LE MALAISE VÉZIRIAN…

Par Thierry Audibert - Publié le - Mis à jour le
Frank McCourt
Frank McCourt
Exclusive - Olympique de Marseille (OM) Frank McCourt

« Ainsi, pour briser Jobi, le sorcier vaudou, diplômé de la jungle sacré, l’avait envoûté avec un rêve trop beau. Méditez là-dessus, fidèles… ». Livre de Jobi, Henri-Frédéric Blanc.

Grosse bouche ?

À Marseille, quand un individu annonce régulièrement des choses qui n’arrivent jamais, il est qualifié de « grosse bouche » par son entourage, y compris par ses meilleurs amis.

Thibaut Vézirian, depuis le mois de février 2021 a pris des positions qui, du fait de l’absence de leur réalisation, inciteraient la plupart des hommes normalement constitués à se mettre durablement dans un grand trou en attendant que cesse de souffler sur eux le terrible vent de la honte. Ce que font parfois les grandes bouches quand elles se font coincer par les évènements.

Une stratégie ?

Invité lundi dernier sur le plateau du FC Marseille, il s’est livré à un habile jeu oratoire pour se dégager des pinces d’opprobre placées sur lui et son image depuis que le temps s’est mis à courir derrière l’annonce de l’imminence de la vente de l’OM au Prince et homme d’affaires saoudien Al Walid Bin Tallal.

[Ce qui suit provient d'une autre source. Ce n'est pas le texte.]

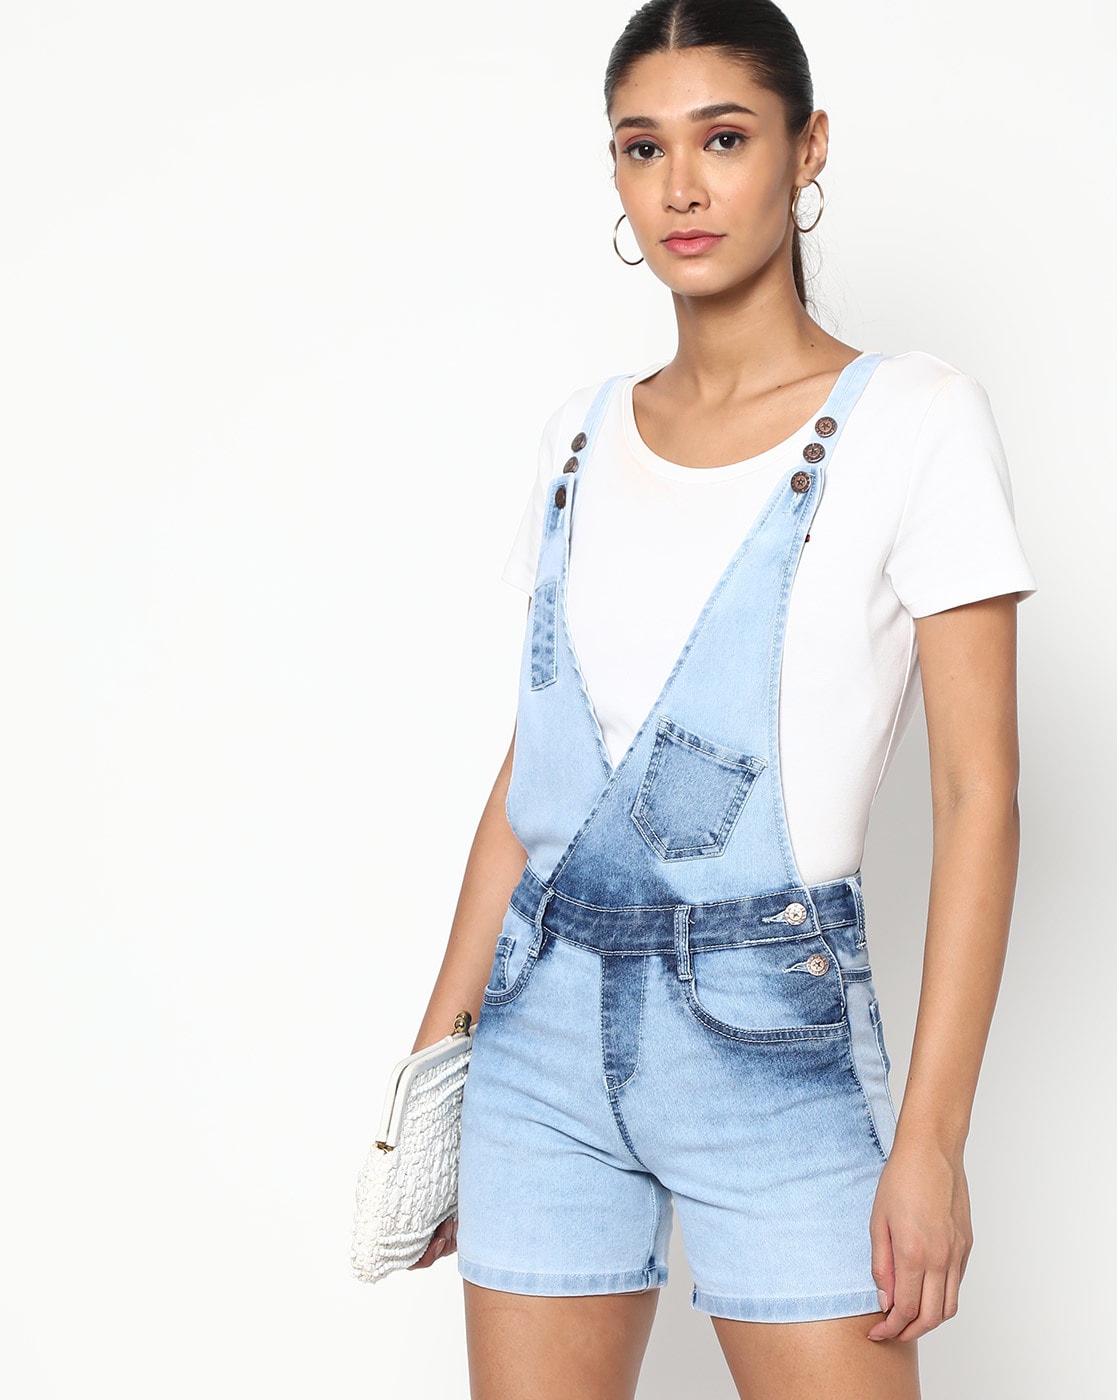 Buy Superdry Vintage Dungaree Shorts at Redfynd

Si on se livre à un simple décodage, il reste pour l’instant sur la stratégie qui est la sienne depuis que les délais s’écroulent sans que le moindre signe concret n’intervienne en faveur de son annonce de vente, laquelle avait mis le feu dans la communauté des amoureux de l’OM, tellement vivante et passionnée qu’elle offre parfois à ceux qui s’y exposent et ne travaillent qu’à leur seul profit sans rien produire de convaincant, des gains de notoriété non négligeables.

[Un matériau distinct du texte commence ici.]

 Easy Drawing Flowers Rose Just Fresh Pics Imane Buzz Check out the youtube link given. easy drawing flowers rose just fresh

Quelle est cette stratégie ? Elle est très simple ! Ne pas se renier et se redonner du temps. C’est comme dans un de ces jeux que je suis trop vieux pour pratiquer, quand tu es mort et que tu rachètes des vies.

Il nous dit d’abord qu’il a produit un travail sérieux avant de décider qu’il était temps de lancer l’info. Des contacts fiables dans les milieux d’affaires l’auraient alerté alors qu’il se trouvait dans un moment de calme professionnel en raison du Covid. Il aurait été préalablement renseigné par un gars, dans un vestiaire au sortir d’un Five (match de foot à 5 contre 5 pratiqué en salle).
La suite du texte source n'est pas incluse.